— Ну, почему же обязательно последним, — успокоительно говорю я. — И потом, согласитесь, немногое устойчиво в этом мире. Все обновляется, во всяком случае, подвержено изменению. Поверьте, если бы я был уверен, что я — последний следователь, я был бы очень рад. И про клеймо, по-моему, вы преувеличиваете; на вещах-то какая может быть вина. Кстати, Адам Михайлович, зачем покойного вынесли из исповедальни?
— Мы подумали, что он жив, — оказать помощь.
— Кто подумал?
— Кто-то сказал: «Шевелится!» Но не помню. Смятение, знаете, все ошеломлены, напуганы… Ужасно…
— Разумеется, — соглашаюсь я. — Полагаю, Адам Михайлович, вы закрыли за собой наружную дверь?
— Конечно, — поспешно заверяет меня ксендз и смотрит в глаза, словно ожидая похвалы.
— Зачем же вам понадобилось запираться?
— Да, зачем? — недоуменно повторяет ксендз. — Не знаю.

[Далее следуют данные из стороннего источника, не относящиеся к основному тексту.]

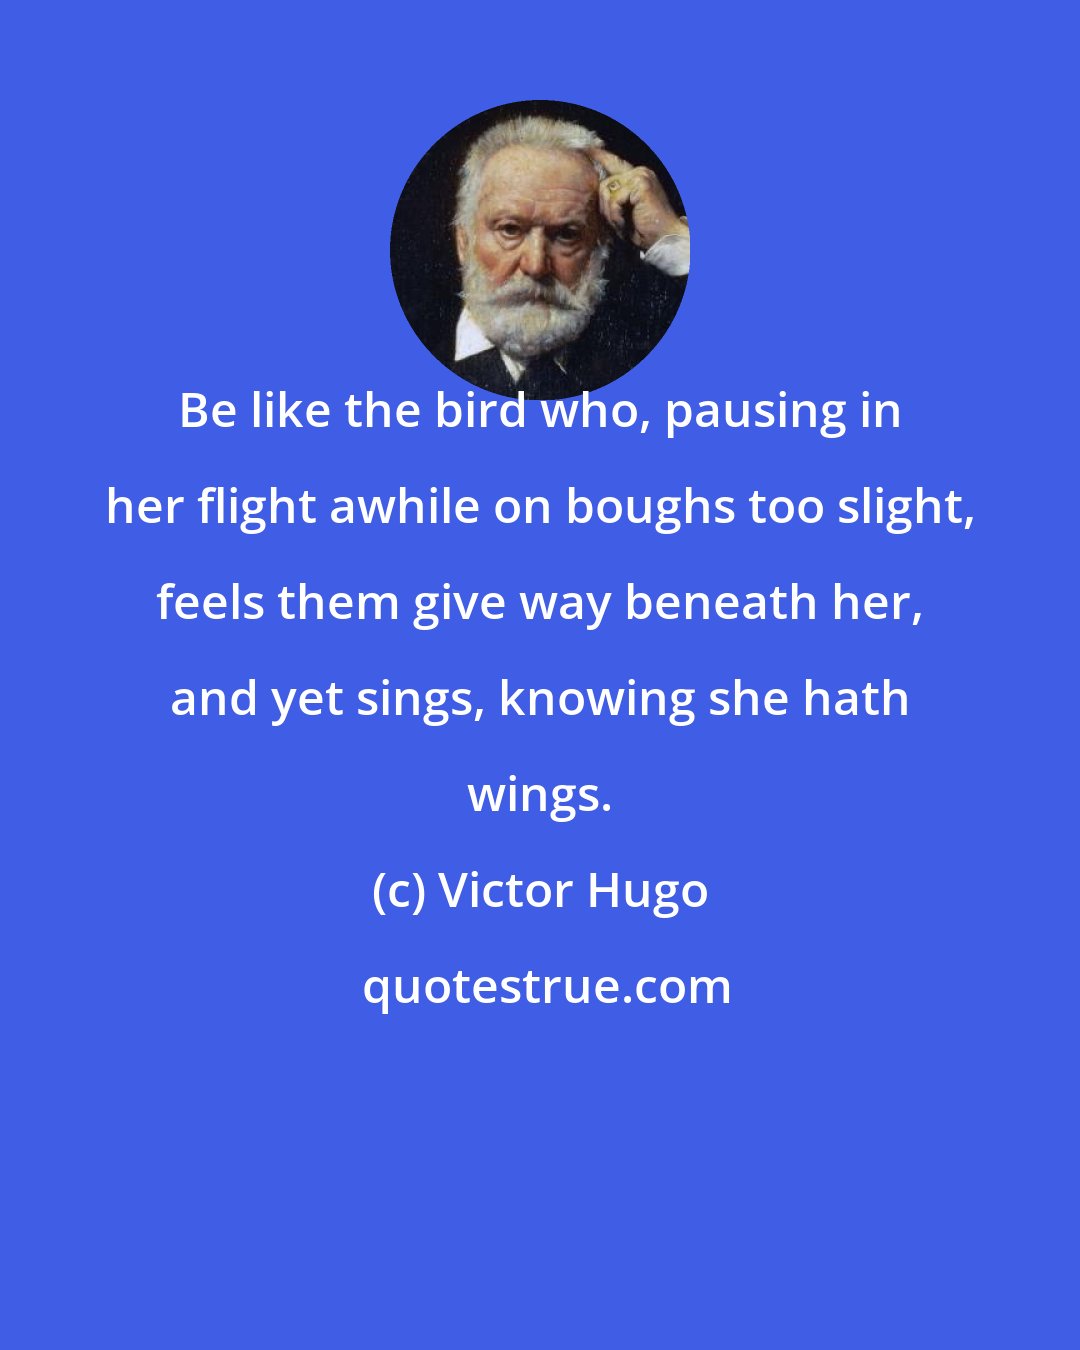 Victor Hugo: Be like the bird who, pausing in her flight awhile on boughs too slight, feels them give way beneath her, and yet sings, knowing she hath wings.

— Странно, Адам Михайлович, у вас получается, — говорю я. — О чем вас ни спросишь, ничего вы не знаете.
— Меня не за что осуждать, — гонорливо отвечает ксендз.
— Что вы, упаси, как говорится бог, — говорю я. — Я осуждать не умею. У меня, Адам Михайлович, другая профессия. Я обязан узнать, почему один человек лишил другого человека жизни. Мне надо многое понять, я рассчитываю на вашу помощь. Давайте присядем.
— И что вы хотите узнать? — сердито спрашивает ксендз. — Я уже отвечал на вопросы вашего человека.
— Я хочу знать, кто из присутствовавших сегодня в костеле людей не способен на убийство. Как вы думаете?
— Не знаю, — отвечает ксендз и спохватывается: — Что-то я заладил одно. Это день такой, перепутались мысли…
Потом он молчит — думает, и я молчу — жду, и молчание наше длится долго.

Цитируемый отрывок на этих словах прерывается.